Jessica J. González, CNN: “Ha utilizado la plataforma para desacreditar y menospreciar a quienes no están de acuerdo con él, y ha arremetido contra los periodistas que han escrito o producido cosas que no le gustan. Además, ha utilizado la plataforma para sembrar dudas sobre las vacunas contra el covid-19”. (Musk dudó de la necesidad de una segunda dosis el año pasado).

Anand Giridharadas, The Times: “Vamos a tener que aprender a ver a través de las historias fraudulentas que elevan a figuras como Musk a héroes. Tendremos que legislar barandillas reales, tal vez como las creadas por la Ley de Servicios Digitales de la Unión Europea, en las plataformas de redes sociales que son demasiado grandes para confiarles la democracia”.

Las multitudes son un poco más escasas y hay menos megayates, pero la Bienal de Venecia sigue siendo «la mezcla de arte más combustible de mentes creativas, riqueza espectacular y una cultura global que se abre paso a trompicones hacia el futuro», escribe Jason Farago en una reseña.

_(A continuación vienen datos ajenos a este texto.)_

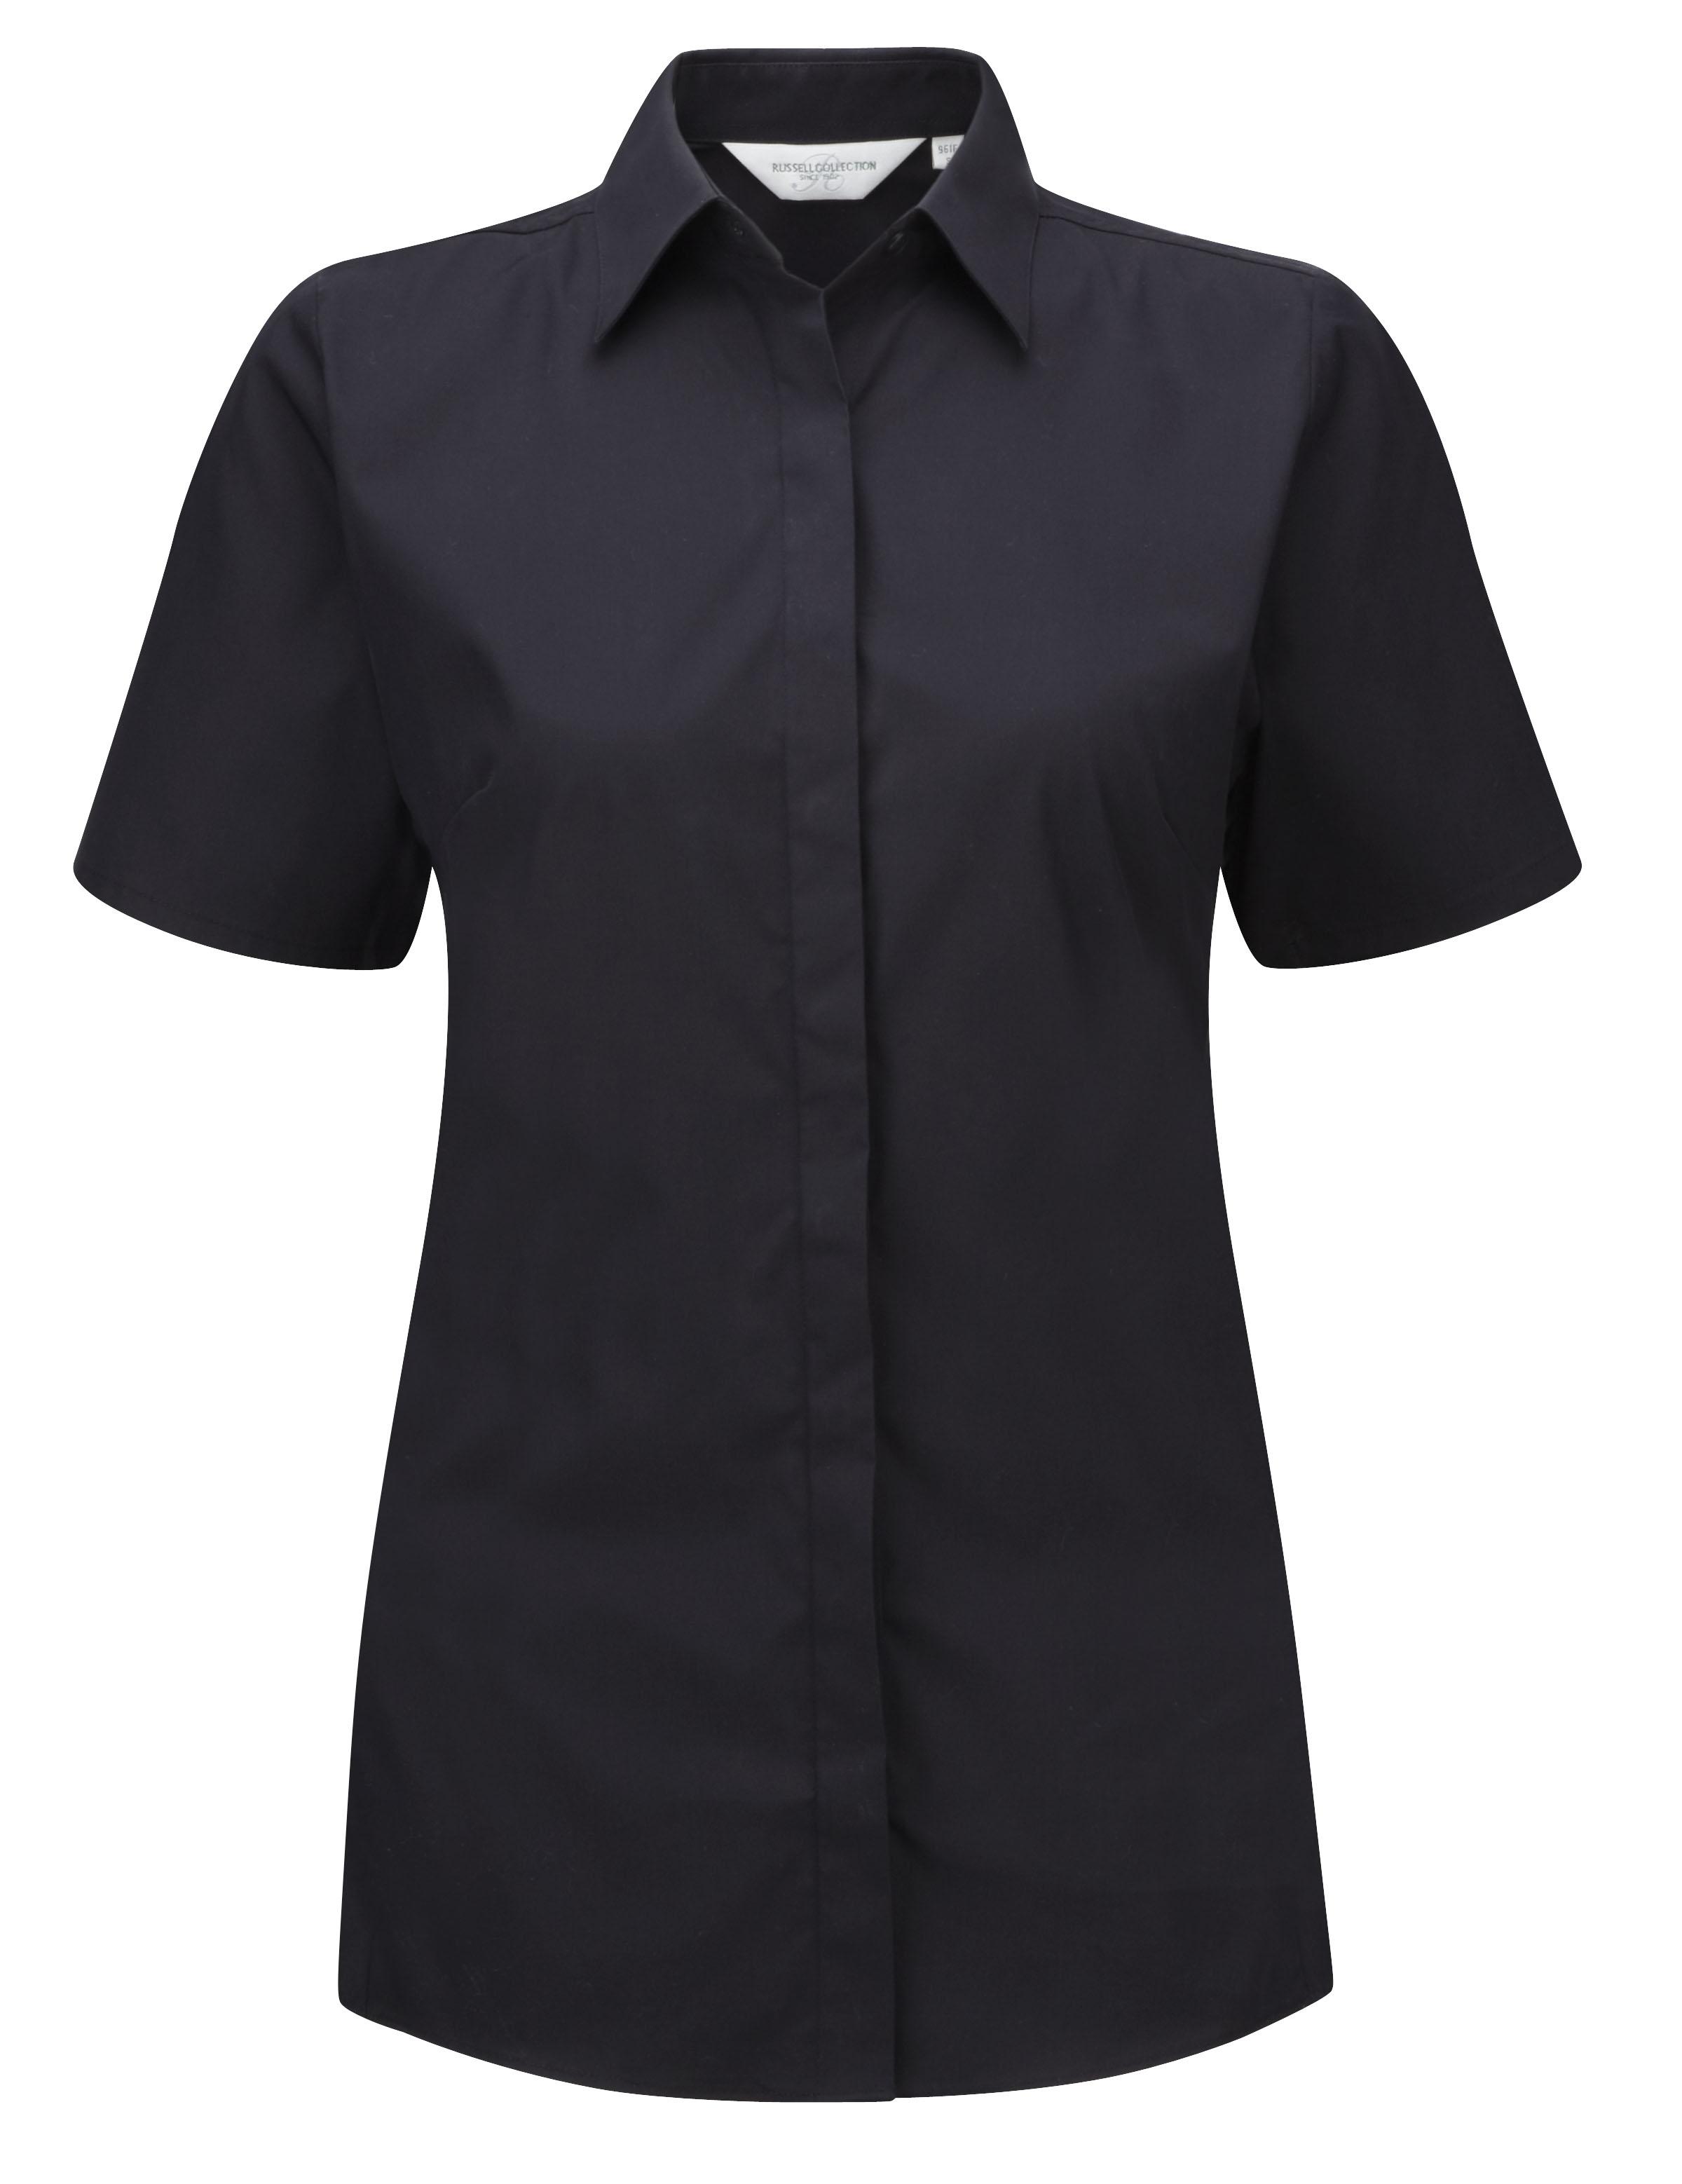 Ultimate Stretch Bluse kurzarm

La Bienal consta de una exposición principal de arte contemporáneo, junto con más de 90 pabellones donde los países organizan sus propios espectáculos. El espectáculo principal de este año gira en torno al surrealismo, el ciborgismo y la vida animal y vegetal, y la mayoría de los participantes son mujeres. Es «un espectáculo coherente y desafiante, cuya visión optimista de la emancipación a través de la imaginación se siente muy rara hoy en día», escribe Jason.

Algunos aspectos destacados de las presentaciones nacionales: Stan Douglas de Canadá usó fotografía y videoarte para profundizar en los levantamientos cruzados de 2011 (la Primavera Árabe, Occupy Wall Street, los disturbios de Londres). Y Małgorzata Mirga-Tas, una artista romaní, creó un tapiz de 12 partes cosido con imágenes de la migración romaní y la vida cotidiana.

Los pangramas del concurso de ortografía de ayer fueron eructar y educación. Aquí está el rompecabezas de hoy, o puedes jugar en línea.

Aquí está el Wordle de hoy. Aquí está el Mini Crucigrama de hoy, y una pista: Chap (cinco letras).

Si tienes ganas de jugar más, encuentra todos nuestros juegos aquí.


Gracias por pasar parte de su mañana con The Times. Nos vemos mañana. – David

PS El desastre nuclear de Chernobyl ocurrió hoy hace 36 años. La Unión Soviética lo anunció dos días después.